__Given records__:
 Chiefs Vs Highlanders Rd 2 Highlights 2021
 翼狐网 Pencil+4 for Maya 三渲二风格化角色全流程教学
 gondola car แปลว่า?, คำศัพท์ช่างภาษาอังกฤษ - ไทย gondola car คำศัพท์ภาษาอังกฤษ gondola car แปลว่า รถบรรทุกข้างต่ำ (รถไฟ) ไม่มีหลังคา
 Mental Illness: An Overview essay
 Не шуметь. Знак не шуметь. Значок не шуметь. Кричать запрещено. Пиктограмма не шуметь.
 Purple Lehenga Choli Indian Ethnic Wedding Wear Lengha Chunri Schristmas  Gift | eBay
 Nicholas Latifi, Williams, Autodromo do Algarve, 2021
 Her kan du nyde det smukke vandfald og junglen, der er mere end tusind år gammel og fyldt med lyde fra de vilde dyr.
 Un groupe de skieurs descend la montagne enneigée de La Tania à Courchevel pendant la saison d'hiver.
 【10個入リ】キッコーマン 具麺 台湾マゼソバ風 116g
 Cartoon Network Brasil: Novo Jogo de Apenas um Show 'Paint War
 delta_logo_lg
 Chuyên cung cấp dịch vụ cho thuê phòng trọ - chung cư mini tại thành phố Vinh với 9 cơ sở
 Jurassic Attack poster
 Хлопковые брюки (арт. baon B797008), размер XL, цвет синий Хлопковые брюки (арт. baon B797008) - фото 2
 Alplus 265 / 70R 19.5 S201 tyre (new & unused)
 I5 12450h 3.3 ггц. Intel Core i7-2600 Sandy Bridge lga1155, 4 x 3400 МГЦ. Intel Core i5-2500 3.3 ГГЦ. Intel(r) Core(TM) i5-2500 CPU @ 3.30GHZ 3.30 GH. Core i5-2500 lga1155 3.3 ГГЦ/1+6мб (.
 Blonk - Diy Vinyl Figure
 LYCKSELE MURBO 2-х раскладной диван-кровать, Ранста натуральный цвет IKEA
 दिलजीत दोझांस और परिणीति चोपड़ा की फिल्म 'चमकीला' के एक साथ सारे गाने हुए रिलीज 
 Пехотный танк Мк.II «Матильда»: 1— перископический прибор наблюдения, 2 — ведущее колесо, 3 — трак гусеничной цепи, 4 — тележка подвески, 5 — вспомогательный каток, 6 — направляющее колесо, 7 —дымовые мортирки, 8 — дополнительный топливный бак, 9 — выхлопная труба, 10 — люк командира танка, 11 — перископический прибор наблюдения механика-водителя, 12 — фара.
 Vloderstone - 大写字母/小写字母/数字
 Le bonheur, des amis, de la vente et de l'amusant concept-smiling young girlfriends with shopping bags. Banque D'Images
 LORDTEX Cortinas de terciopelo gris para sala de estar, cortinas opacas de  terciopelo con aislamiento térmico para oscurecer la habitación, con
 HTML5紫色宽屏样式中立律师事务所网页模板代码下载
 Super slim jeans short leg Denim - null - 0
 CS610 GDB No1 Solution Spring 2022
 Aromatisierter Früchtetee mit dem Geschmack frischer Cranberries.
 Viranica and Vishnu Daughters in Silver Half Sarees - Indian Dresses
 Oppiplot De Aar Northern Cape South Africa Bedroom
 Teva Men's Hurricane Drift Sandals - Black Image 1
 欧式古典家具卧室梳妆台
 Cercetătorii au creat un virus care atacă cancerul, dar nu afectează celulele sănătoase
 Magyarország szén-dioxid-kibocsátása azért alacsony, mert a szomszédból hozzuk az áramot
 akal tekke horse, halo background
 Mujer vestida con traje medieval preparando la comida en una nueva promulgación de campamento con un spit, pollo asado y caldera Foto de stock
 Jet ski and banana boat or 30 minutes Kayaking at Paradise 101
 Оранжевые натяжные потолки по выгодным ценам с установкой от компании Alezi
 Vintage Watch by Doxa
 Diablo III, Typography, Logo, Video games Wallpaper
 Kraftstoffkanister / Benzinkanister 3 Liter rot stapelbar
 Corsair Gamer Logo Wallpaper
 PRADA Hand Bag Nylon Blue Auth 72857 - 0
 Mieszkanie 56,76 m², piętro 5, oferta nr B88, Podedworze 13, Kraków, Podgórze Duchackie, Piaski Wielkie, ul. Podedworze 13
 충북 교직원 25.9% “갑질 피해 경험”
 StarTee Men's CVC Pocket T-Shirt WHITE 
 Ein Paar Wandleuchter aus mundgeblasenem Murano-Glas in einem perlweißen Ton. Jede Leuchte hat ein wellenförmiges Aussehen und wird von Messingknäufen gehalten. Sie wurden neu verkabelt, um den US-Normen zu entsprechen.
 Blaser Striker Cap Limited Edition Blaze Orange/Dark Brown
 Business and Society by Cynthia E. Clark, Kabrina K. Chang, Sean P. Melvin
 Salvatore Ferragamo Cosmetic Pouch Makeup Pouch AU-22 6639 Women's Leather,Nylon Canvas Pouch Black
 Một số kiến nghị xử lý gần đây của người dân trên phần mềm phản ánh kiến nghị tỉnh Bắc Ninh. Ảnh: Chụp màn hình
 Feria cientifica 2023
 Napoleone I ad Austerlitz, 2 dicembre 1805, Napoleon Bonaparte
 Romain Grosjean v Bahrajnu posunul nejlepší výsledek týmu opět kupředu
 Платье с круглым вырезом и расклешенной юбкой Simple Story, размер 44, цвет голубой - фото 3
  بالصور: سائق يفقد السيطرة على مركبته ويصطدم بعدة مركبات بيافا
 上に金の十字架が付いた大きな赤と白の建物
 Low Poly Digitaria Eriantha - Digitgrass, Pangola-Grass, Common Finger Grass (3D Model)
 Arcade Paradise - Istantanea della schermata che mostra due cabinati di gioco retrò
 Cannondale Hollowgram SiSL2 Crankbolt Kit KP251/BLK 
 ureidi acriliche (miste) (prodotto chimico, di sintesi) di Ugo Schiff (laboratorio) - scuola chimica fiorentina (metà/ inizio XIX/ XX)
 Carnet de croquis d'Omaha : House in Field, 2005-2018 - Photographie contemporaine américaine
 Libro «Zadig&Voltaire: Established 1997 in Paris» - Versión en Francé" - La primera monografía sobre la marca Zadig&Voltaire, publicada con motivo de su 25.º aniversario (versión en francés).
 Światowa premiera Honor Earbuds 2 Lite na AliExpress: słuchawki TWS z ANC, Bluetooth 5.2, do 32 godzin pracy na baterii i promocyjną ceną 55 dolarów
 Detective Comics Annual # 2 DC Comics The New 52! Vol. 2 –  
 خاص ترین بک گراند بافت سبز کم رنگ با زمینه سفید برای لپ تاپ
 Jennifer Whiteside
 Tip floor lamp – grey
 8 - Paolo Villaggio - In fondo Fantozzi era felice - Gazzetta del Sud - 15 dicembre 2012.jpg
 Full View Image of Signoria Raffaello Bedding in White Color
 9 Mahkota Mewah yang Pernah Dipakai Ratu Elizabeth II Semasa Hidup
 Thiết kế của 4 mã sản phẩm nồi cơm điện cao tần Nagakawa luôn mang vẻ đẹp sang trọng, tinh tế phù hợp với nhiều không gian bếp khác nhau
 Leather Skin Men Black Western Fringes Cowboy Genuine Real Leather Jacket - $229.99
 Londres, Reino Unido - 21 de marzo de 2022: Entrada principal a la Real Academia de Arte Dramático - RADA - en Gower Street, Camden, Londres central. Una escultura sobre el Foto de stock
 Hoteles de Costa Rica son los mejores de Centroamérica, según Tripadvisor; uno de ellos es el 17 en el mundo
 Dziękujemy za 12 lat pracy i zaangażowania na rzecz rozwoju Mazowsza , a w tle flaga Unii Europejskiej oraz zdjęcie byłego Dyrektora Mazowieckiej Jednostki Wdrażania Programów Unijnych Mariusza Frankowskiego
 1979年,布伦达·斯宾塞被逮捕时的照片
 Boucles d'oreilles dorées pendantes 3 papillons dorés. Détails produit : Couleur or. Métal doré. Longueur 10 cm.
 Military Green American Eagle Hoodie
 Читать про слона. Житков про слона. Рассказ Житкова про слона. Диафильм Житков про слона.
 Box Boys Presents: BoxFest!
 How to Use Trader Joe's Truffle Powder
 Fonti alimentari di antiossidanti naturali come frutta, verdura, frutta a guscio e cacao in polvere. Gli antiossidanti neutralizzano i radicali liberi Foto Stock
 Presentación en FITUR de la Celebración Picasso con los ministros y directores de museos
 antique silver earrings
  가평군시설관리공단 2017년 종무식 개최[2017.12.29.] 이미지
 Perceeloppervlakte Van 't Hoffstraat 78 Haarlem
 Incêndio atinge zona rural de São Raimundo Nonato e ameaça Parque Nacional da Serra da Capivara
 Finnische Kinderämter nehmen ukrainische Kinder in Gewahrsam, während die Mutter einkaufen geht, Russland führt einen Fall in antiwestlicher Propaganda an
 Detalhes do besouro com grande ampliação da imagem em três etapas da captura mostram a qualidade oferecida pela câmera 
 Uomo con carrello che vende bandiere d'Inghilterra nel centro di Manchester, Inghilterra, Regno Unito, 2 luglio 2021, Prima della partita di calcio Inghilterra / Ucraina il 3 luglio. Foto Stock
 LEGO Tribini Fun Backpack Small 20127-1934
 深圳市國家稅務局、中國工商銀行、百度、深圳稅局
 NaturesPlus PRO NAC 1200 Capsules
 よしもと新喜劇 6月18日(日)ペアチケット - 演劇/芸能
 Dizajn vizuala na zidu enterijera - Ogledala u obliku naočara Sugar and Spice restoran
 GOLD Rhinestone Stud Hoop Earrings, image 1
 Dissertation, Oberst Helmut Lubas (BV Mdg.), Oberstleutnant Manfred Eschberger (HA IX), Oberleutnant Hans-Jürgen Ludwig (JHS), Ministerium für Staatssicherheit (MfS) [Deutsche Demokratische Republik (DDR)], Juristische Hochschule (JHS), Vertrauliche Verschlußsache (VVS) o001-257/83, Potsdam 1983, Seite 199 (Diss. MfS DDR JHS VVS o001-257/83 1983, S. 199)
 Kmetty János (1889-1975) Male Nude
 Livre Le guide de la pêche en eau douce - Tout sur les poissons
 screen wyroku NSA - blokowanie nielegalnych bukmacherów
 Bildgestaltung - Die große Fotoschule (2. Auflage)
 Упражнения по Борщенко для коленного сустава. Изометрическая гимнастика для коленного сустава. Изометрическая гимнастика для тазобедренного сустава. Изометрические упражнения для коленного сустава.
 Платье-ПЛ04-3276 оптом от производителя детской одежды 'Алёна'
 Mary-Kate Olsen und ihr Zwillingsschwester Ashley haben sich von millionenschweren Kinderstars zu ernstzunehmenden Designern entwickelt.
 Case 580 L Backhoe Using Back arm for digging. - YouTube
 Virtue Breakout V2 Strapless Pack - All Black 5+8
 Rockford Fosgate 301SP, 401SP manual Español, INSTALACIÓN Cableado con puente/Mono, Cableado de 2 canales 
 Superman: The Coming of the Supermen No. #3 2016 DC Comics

__Problem description__: When you reach the line in the material above that holds "具麺 台湾マゼソバ風 116g", begin reproducing lines exactly, and stop after the line that holds "LORDTEX Cortinas de".

__Finished exercise__:
 【10個入リ】キッコーマン 具麺 台湾マゼソバ風 116g
 Cartoon Network Brasil: Novo Jogo de Apenas um Show 'Paint War
 delta_logo_lg
 Chuyên cung cấp dịch vụ cho thuê phòng trọ - chung cư mini tại thành phố Vinh với 9 cơ sở
 Jurassic Attack poster
 Хлопковые брюки (арт. baon B797008), размер XL, цвет синий Хлопковые брюки (арт. baon B797008) - фото 2
 Alplus 265 / 70R 19.5 S201 tyre (new & unused)
 I5 12450h 3.3 ггц. Intel Core i7-2600 Sandy Bridge lga1155, 4 x 3400 МГЦ. Intel Core i5-2500 3.3 ГГЦ. Intel(r) Core(TM) i5-2500 CPU @ 3.30GHZ 3.30 GH. Core i5-2500 lga1155 3.3 ГГЦ/1+6мб (.
 Blonk - Diy Vinyl Figure
 LYCKSELE MURBO 2-х раскладной диван-кровать, Ранста натуральный цвет IKEA
 दिलजीत दोझांस और परिणीति चोपड़ा की फिल्म 'चमकीला' के एक साथ सारे गाने हुए रिलीज 
 Пехотный танк Мк.II «Матильда»: 1— перископический прибор наблюдения, 2 — ведущее колесо, 3 — трак гусеничной цепи, 4 — тележка подвески, 5 — вспомогательный каток, 6 — направляющее колесо, 7 —дымовые мортирки, 8 — дополнительный топливный бак, 9 — выхлопная труба, 10 — люк командира танка, 11 — перископический прибор наблюдения механика-водителя, 12 — фара.
 Vloderstone - 大写字母/小写字母/数字
 Le bonheur, des amis, de la vente et de l'amusant concept-smiling young girlfriends with shopping bags. Banque D'Images
 LORDTEX Cortinas de terciopelo gris para sala de estar, cortinas opacas de  terciopelo con aislamiento térmico para oscurecer la habitación, con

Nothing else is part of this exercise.